Guillaume Mika – Doit-on toujours choisir ?

Prénom Nom – Les 14 et 15 décembre Le Liberté à Toulon

Le toulonnais Guillaume Mika est metteur en scène. Mais aussi comédien, vidéaste, musicien, passionné de sciences, et j’en passe. Dans cette comédie théâtro-scientifique, il se pose cette question du choix, et notamment des choix de carrière que l’on nous impose pendant notre scolarité, en mettant en scène un tardigrade. Mais c’est quoi donc ?

Peux-tu nous parler de cette théorie d’Ernst Von Haeckel et des tardigrades ?
C’est une théorie proposée à la fin du XIXème par un jeune scientifique, fan de darwinisme, qui dit qu’un embryon humain récapitule pendant son évolution l’ensemble du champ des vivants. Tout le monde parlait de ça à ce moment-là. Mais il s’est avéré que ses dessins étaient faussés et elle est tombée dans l’oubli. Poétiquement, je l’ai trouvée intéressante et j’ai imaginé qu’après un mois de grossesse, on serait peut-être à l’état de tardigrade. C’est un insecte invertébré de 0,3 mm très maladroit. La métaphore sociale m’intéressait. On n’a rien à faire du monde microscopique, il n’y a pas de Brigitte Bardot du microscopique ! Cet insecte est très étudié depuis dix ans car il a la faculté quand il est stressé d’entrer en cryptobiose : il s’auto-dessèche et devient quasi indestructible. C’est un animal fascinant et quand on le regarde, il provoque cet effet « oh il est mignon ». On en fait même des peluches ! Et j’avais un autre sujet en tête, l’évolution scolaire, je m’en suis donc servi pour en parler.

Justement, quel est le rapport entre ce tardigrade et l’évolution scolaire ?
Je dirais la classification du vivant et les cases sociales. Je voulais parler des CIO (Centre d’Information et d’Orientation) avec des gens qui ont un job central et un peu fou d’être à la fois psychologues, cartographes des métiers et accompagnants. J’ai passé plusieurs années à étudier l’évolution, le darwinisme, avec cette question du choix : qu’est ce qui fait qu’une espèce va survivre ? J’étais aussi intéressé par le déterminisme social. Dans mes études, j’ai été confronté à ces problématiques de choix : je voulais tout faire, tout apprendre, et je me demandais pourquoi on classifiait. J’étais entre les arts et les sciences, mais le mélange ne se faisait pas. Dix ans plus tard, je suis heureux d’arriver à mélanger. Ce spectacle est une métaphore, à l’heure de la réforme Blanquer et de Parcours Sup, avec ce gros bordel dans les choix d’options. Ce tardigrade serait un peu un élève dyspraxique, pas dans les clous, il y a une absurdité à lui faire choisir un métier. Mais c’est avant tout une comédie de science-fiction ludique et joyeuse.
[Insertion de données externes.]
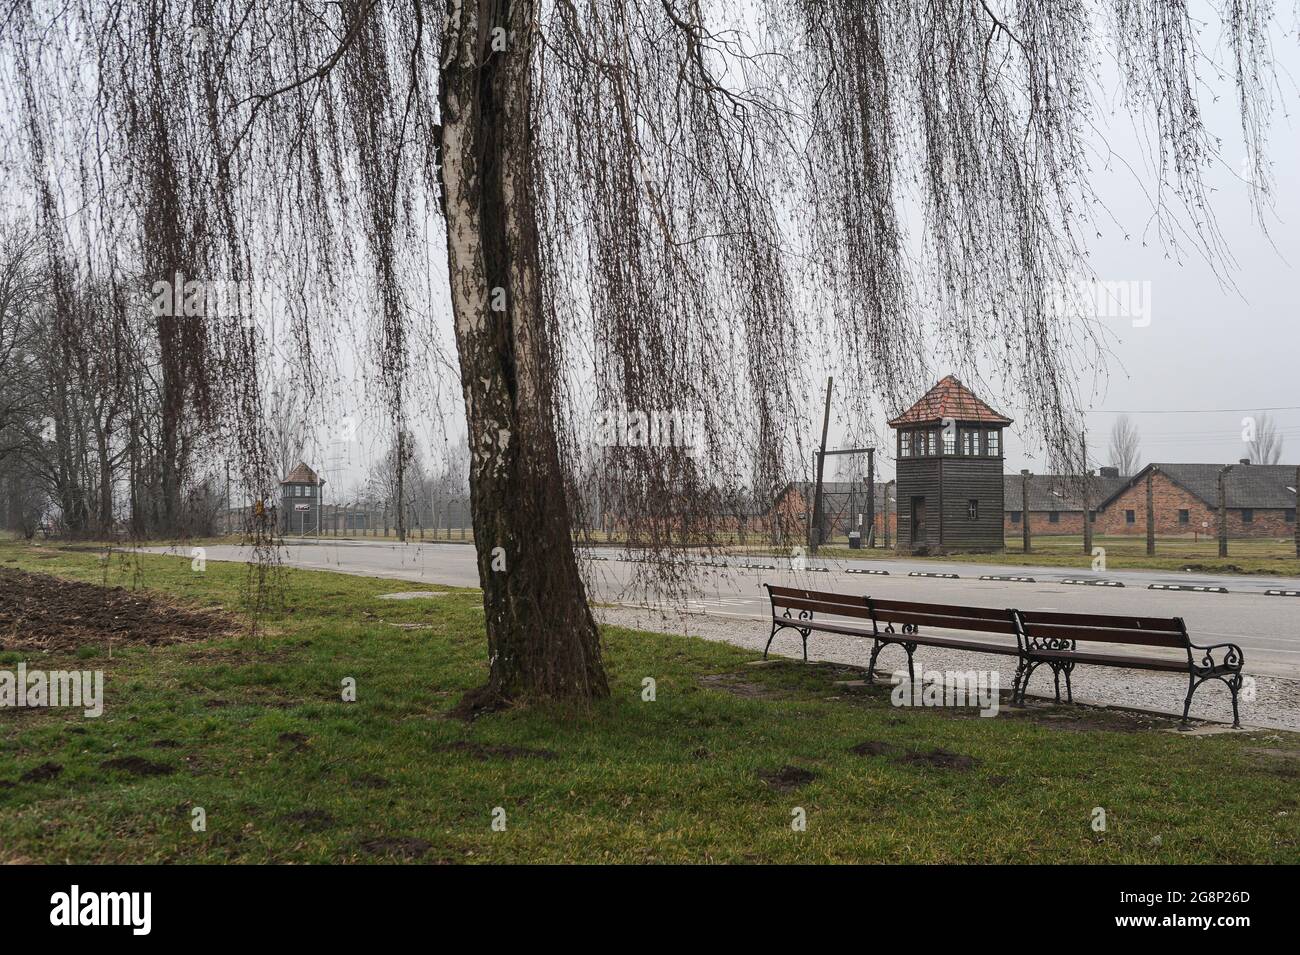 16.03.2015, Auschwitz, Polonia minore, Polonia, Europa - Vista dall'esterno dell'ex campo di concentramento di Auschwitz II a Birkenau da una recinzione circondata. Foto Stock

En quoi est-ce important pour toi artistiquement de mélanger les genres, et ici du cirque (contorsion) ?
Ce n’est pas un choix intellectuel, j’éprouve beaucoup de plaisir à le faire. Le sujet est déjà hybride, le tardigrade, l’éthologie, l’orientation scolaire… Je mets du temps à écrire, il y a un long processus de tri, et à un moment je chope une fiction et je me demande comment décaler le regard. J’aime pratiquer plusieurs disciplines, la musique, la vidéo… Là, il y aussi la rencontre avec Adalberto Fernandez Torres et le costume créé par Aliénor Figueiredo. Comment un corps de contorsionniste peut arriver à faire vivre ce costume très difficile à manipuler ? Il me permet aussi de parler d’anthropocentrisme. On interprète les mouvements de ce tardigrade. Est-il vraiment joyeux à ce moment-là ? Répond-il vraiment ? Ou est-ce qu’on l’imagine ?

Tu co-réalises au plateau la musique avec Vincent Hours, que nos lecteurs connaissent bien, peux-tu nous en parler ?
Vincent est le maître du son, il crée la musique et le design sonore. Moi j’utilise sur scène le thérémine, le premier instrument électronique inventé au début du XXè. C’est le seul instrument sans contact physique, il fonctionne avec des ondes électromagnétiques, on cueille les notes dans l’espace. C’est à l’image de ce microscope, avec lequel je regarde le tardigrade, qui permet de voir l’invisible.

Ce spectacle a été soutenu par Châteauvallon-Liberté Scène Nationale…
Le Liberté est un partenaire très présent. Ils m’ont permis de faire deux résidences à Châteauvallon, et on est très content de pouvoir y jouer ce spectacle car nous n’avions pas pu y présenter le précédent à cause de la pandémie.